Christians are in a great position to represent Jesus in such tragedies, or at least we should be. You and I stand in the position of bringing comfort into tragic spaces.  In 2 Corinthians, Paul writes about his own suffering. He was lashed, beaten with rods, stoned, shipwrecked, adrift at sea, in constant danger from the elements, starving and dehydrated. Through it all God comforted him. It is out of this experience Paul learned to share relief with those around him. Paul doesn’t rely on his own ability to relieve the suffering others. Instead, he relies on the power of God. This is how it should be with us. Human comfort is often brief and mishandled by our own self-interest.  God’s work in us is long lasting whether he delivers us from suffering or walks with us through it.
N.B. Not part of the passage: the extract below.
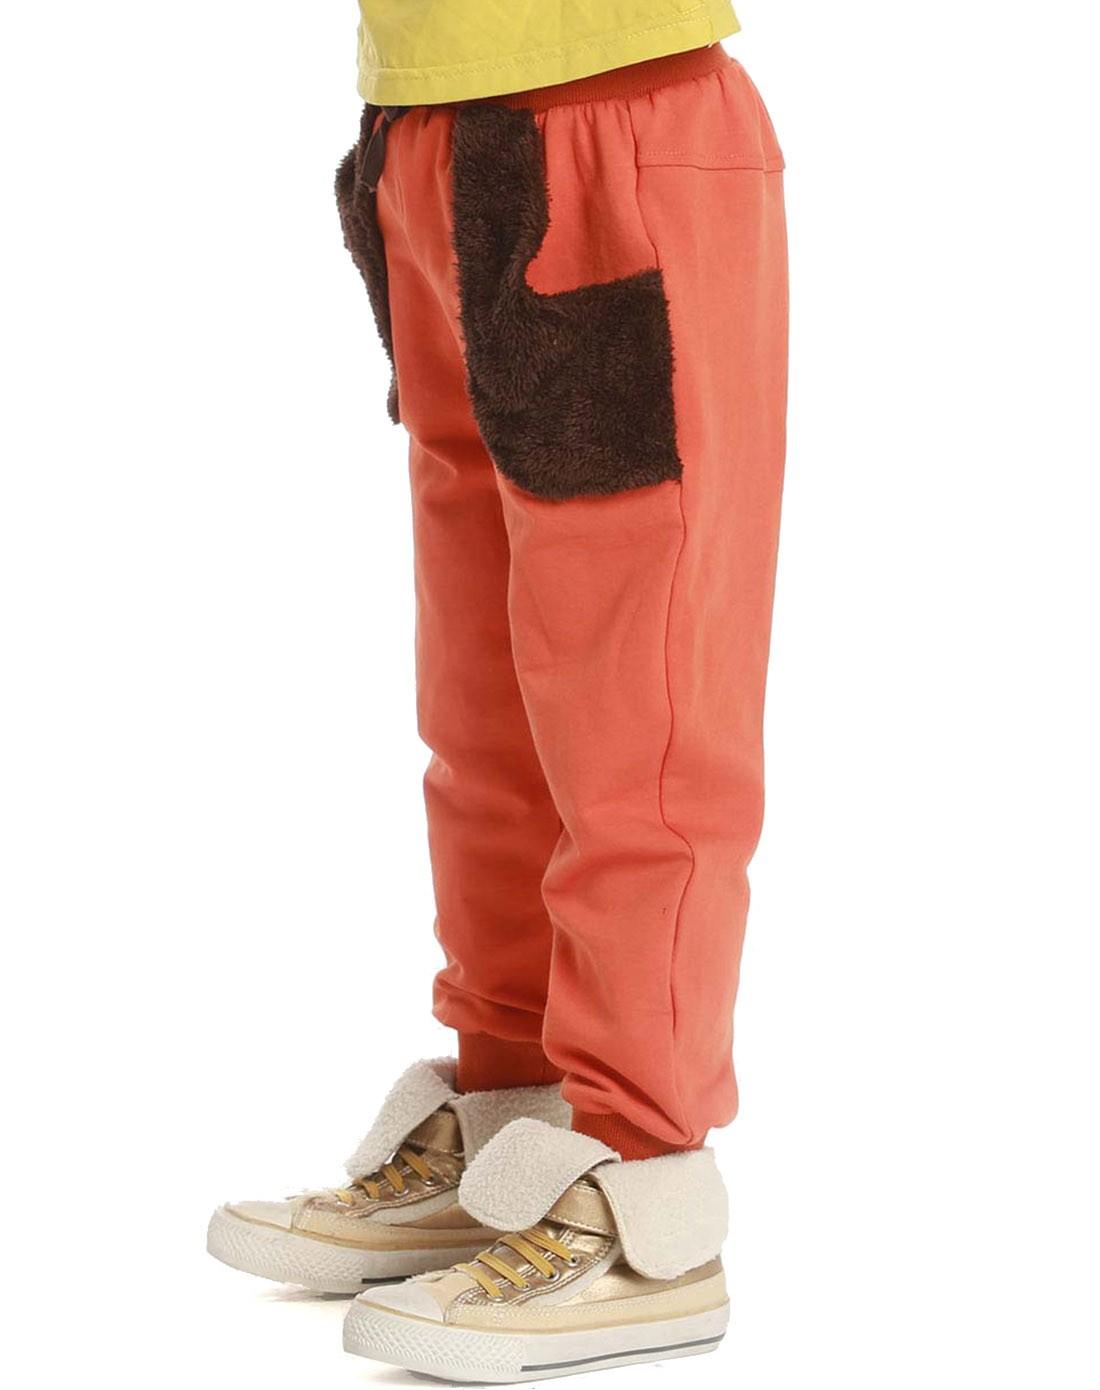 latin男女童女童桔色裤子235798916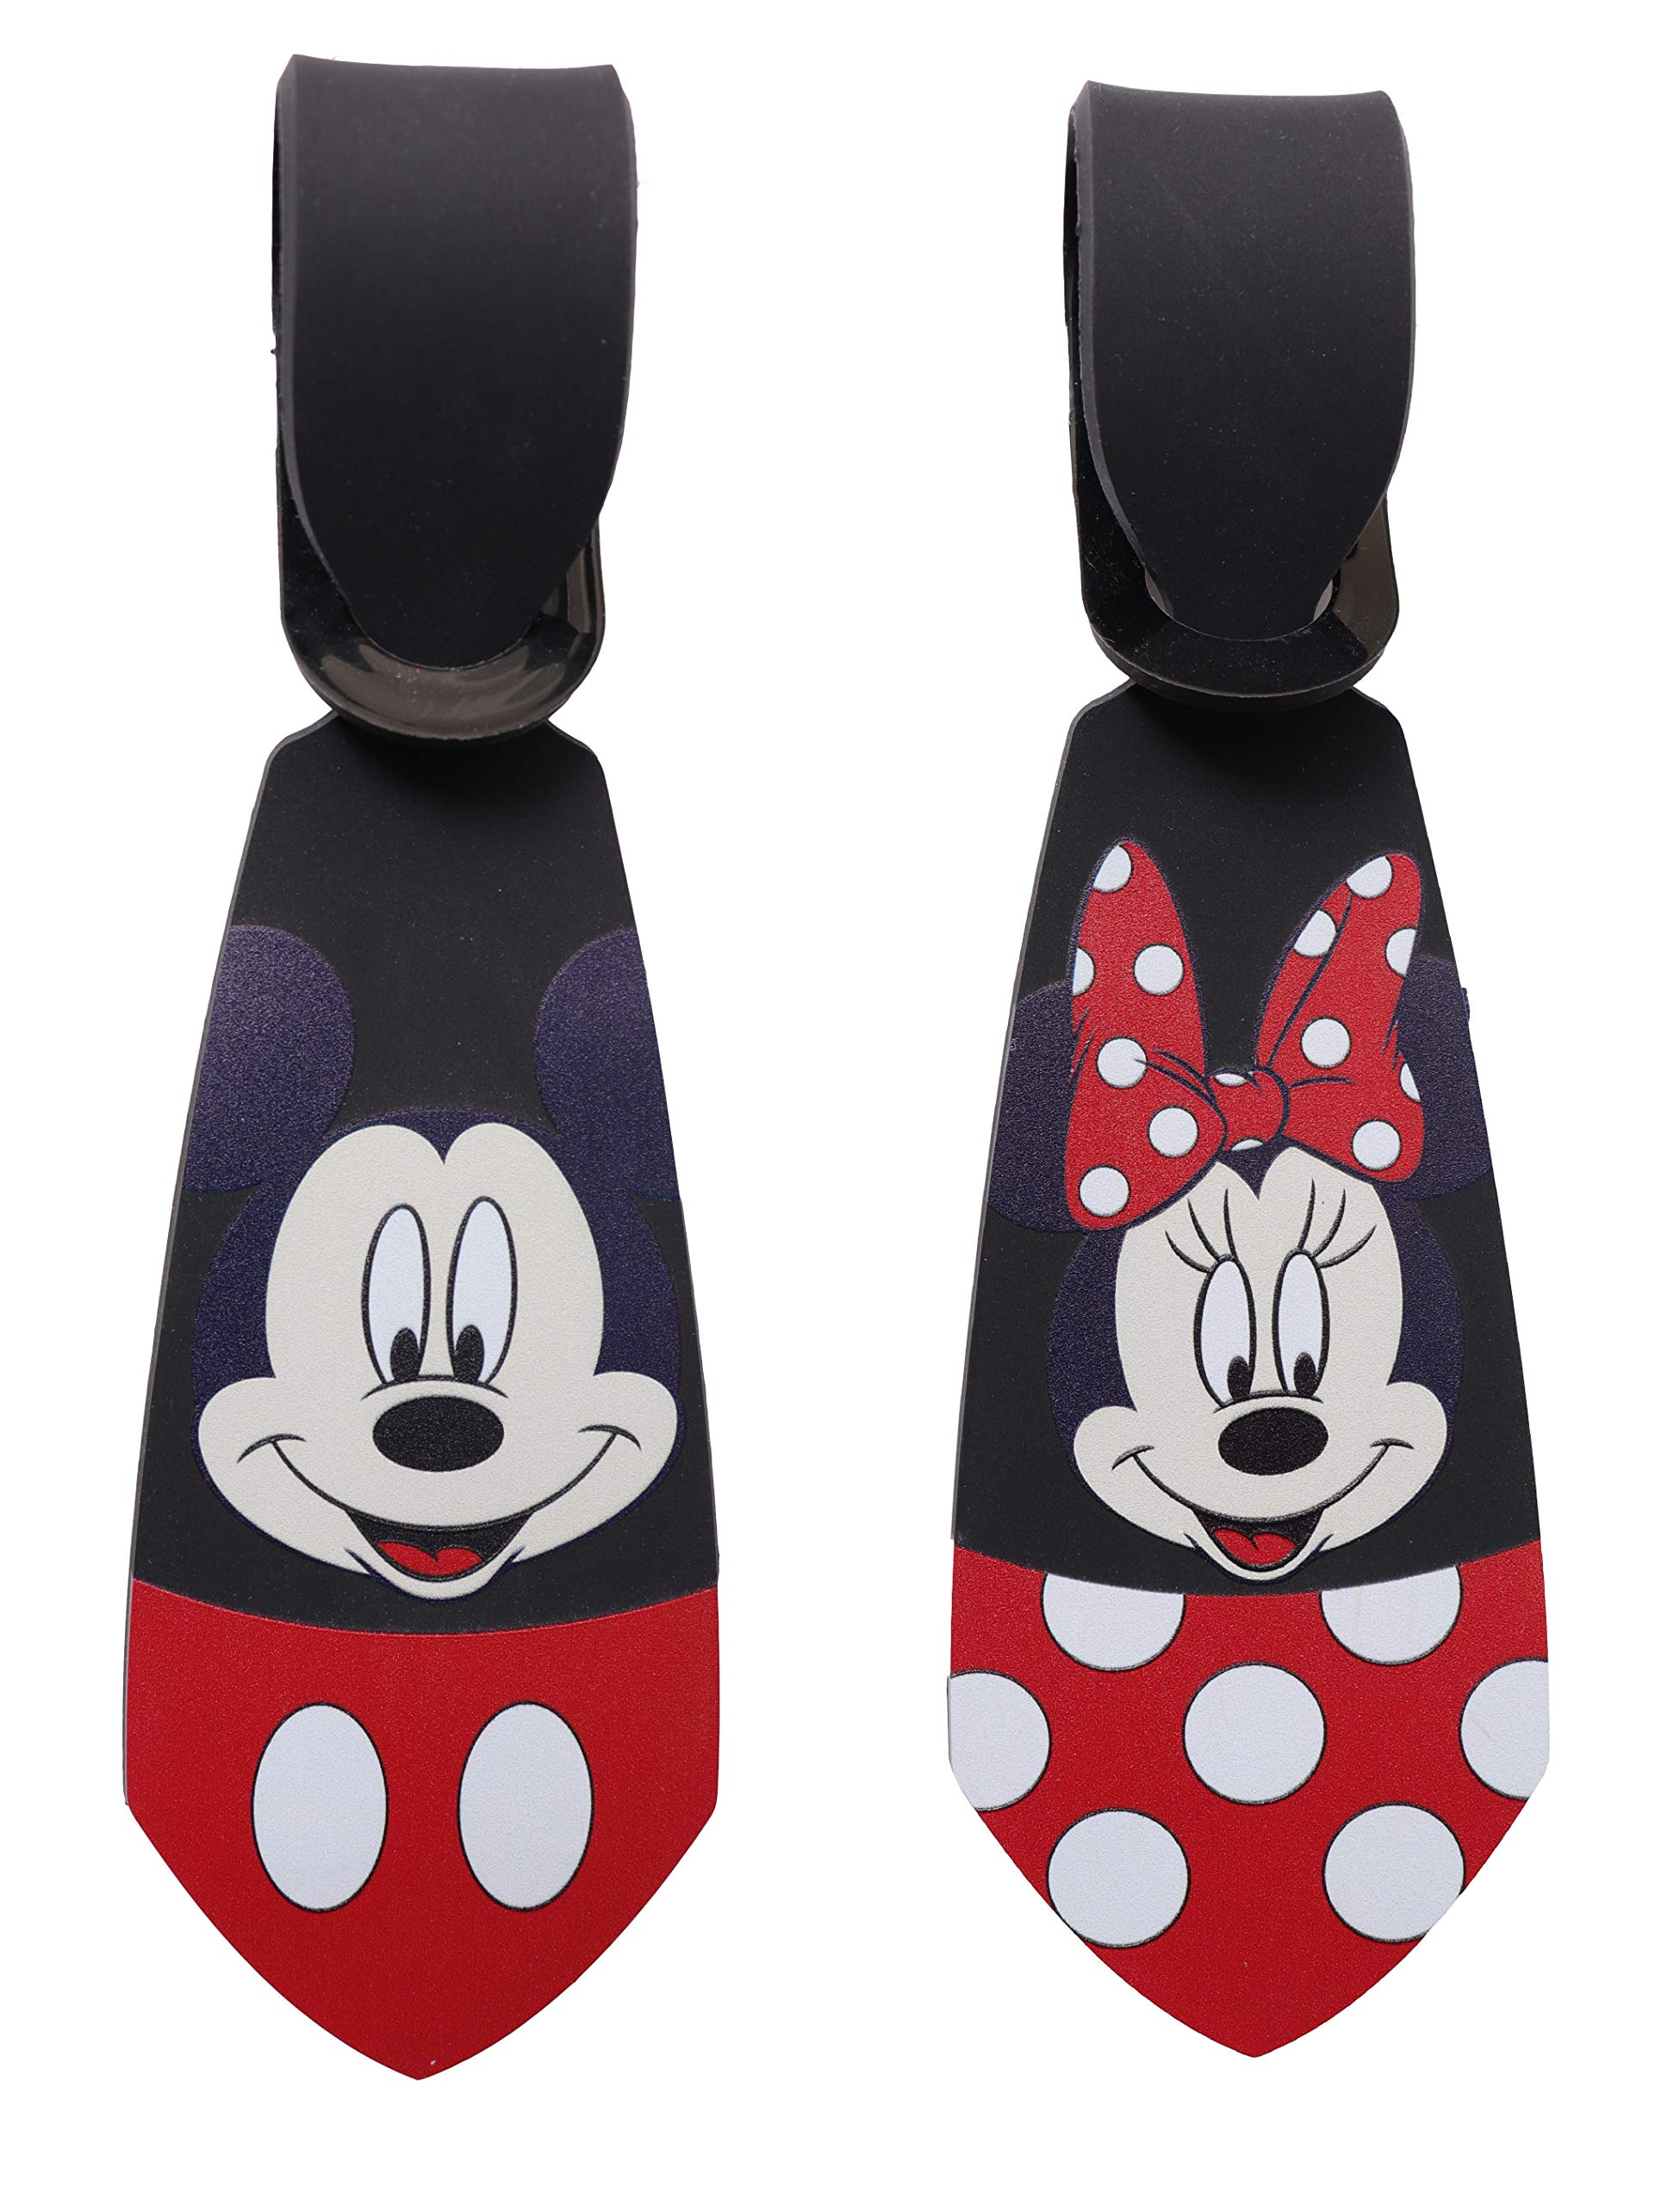 Super Cute Kawaii Cartoon Silicone Travel Luggage ID Tag Tie for Bags (Mickey&Minnie Luggage Tie)

I see a world that that fears the threat of radical extremism. As days turn into weeks Christians should prepare to care for those affected by this tragedy. We should open our hearts to receive them. We should share, with those who are searching, the comfort and hope we have experienced through Jesus. We should represent the image of whom we are made, the God of all comfort. We are blessed with a God who makes triumph out of trauma. The hate we see in this world is overcome by God himself through his mission of reconciliation. You and I are the ambassadors of this mission.

“Blessed be the God and Father of our Lord Jesus Christ, the Father of mercies and God of all comfort, who comforts us in all our affliction, so that we may be able to comfort those who are in any affliction, with the comfort with which we ourselves are comforted by God.” (2 Corinthians 1:3-5)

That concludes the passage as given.